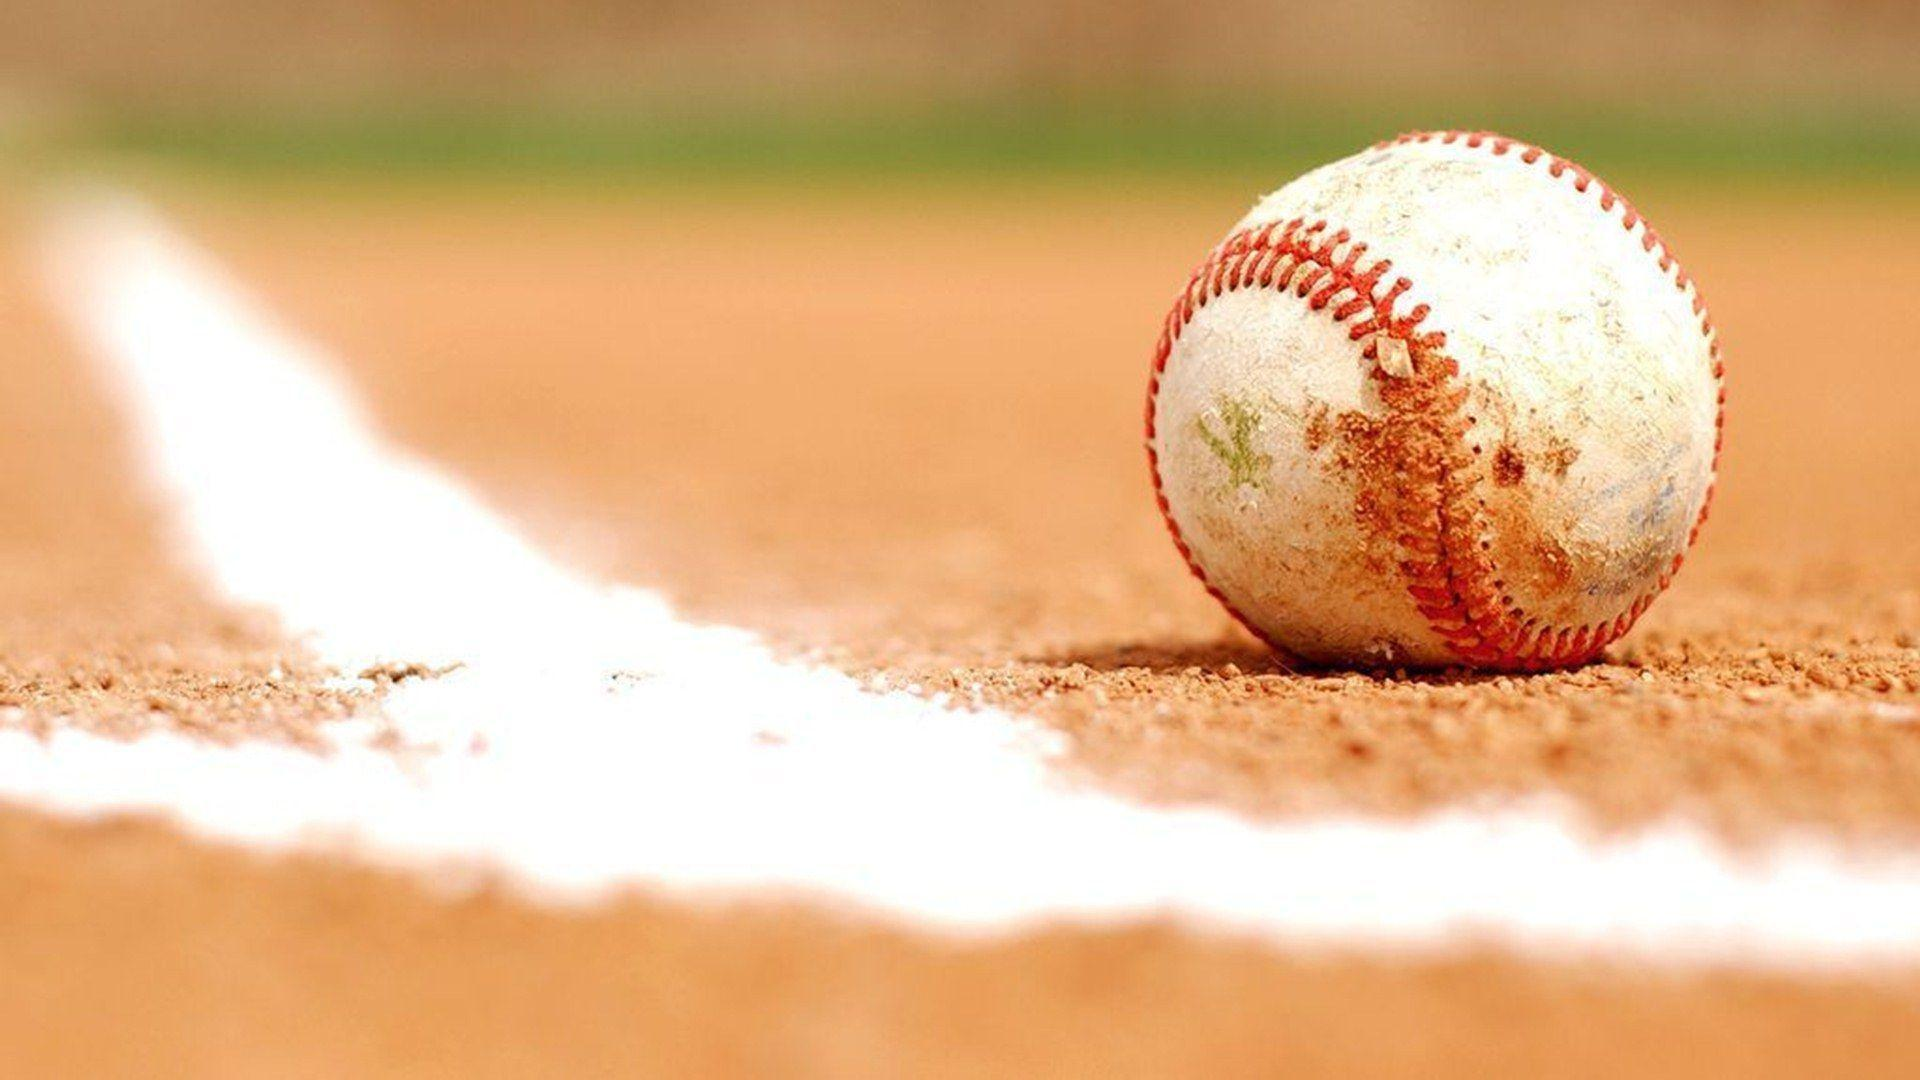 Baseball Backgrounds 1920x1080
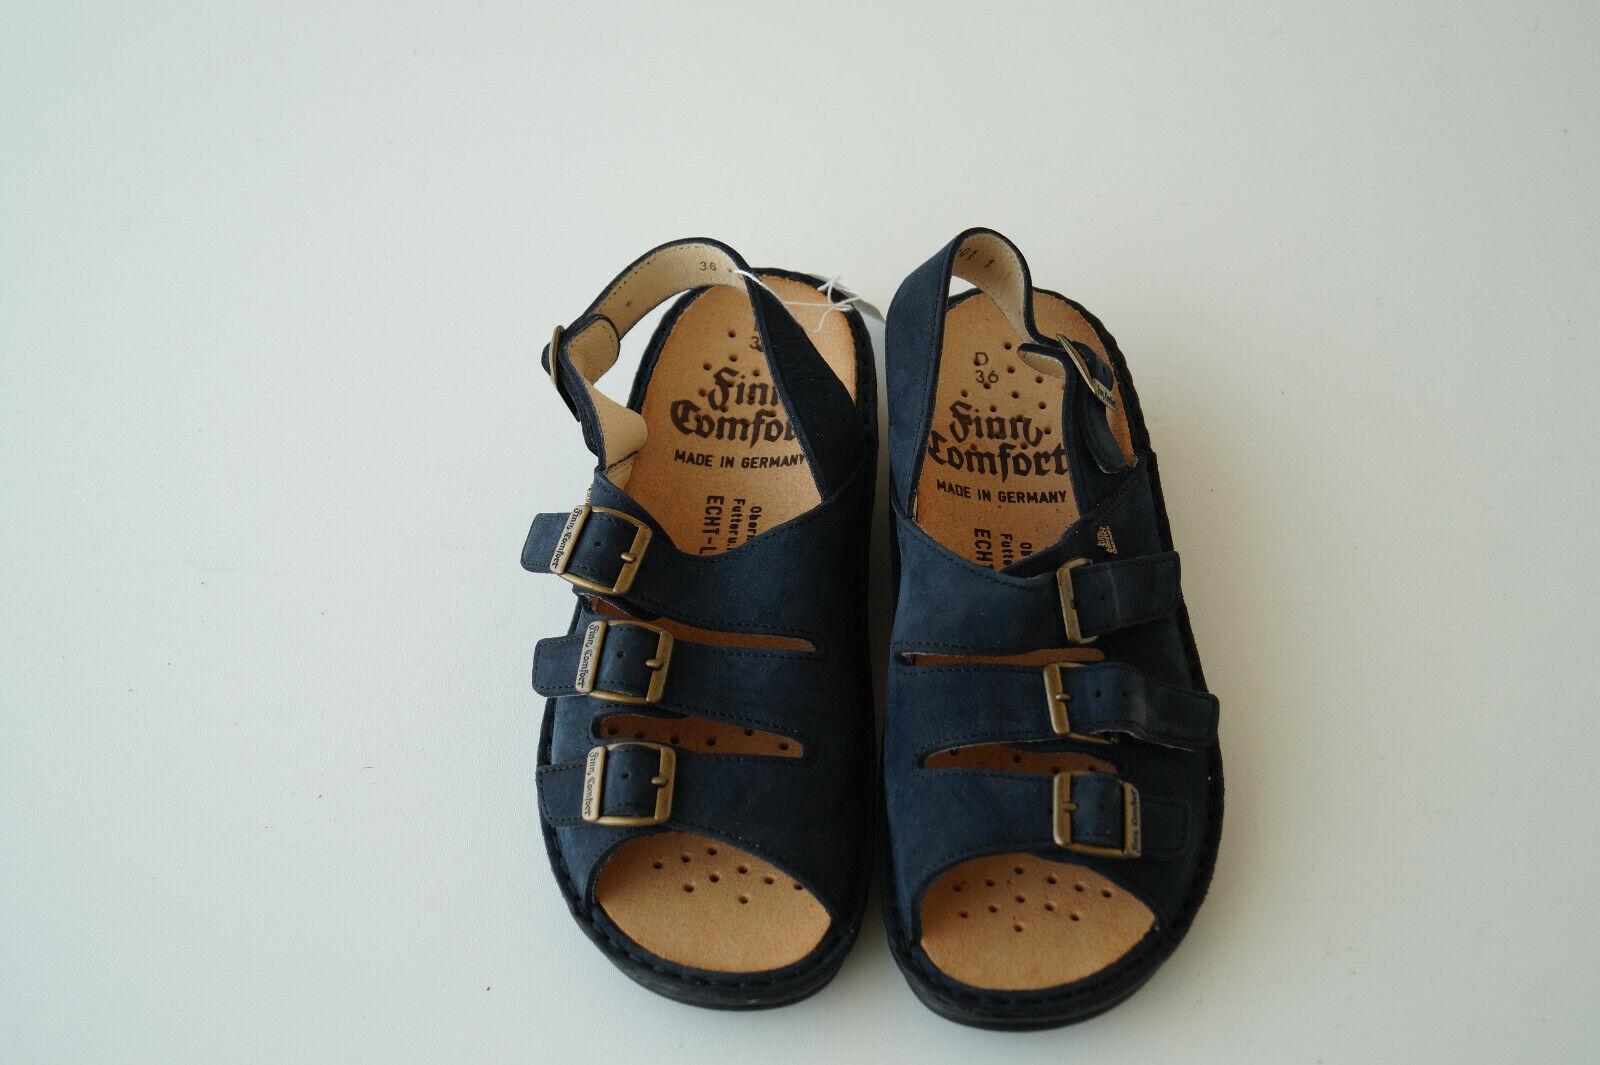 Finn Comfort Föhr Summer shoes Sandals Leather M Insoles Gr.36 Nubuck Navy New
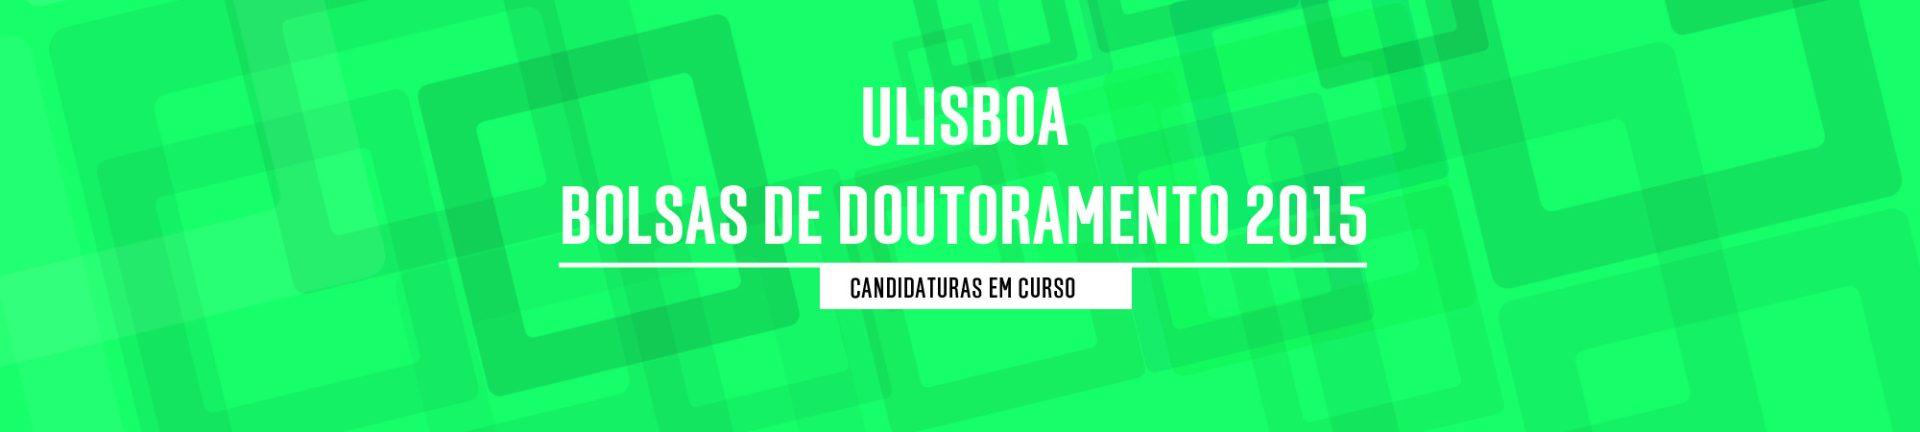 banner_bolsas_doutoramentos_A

★ ★ ★ ★ ★

(EXERCISE BRIEF):
Everything above except the pictures needs to be reproduced exactly.

(RESULT OF THE TASK):
 Baseball Backgrounds 1920x1080
 Finn Comfort Föhr Summer shoes Sandals Leather M Insoles Gr.36 Nubuck Navy New
 banner_bolsas_doutoramentos_A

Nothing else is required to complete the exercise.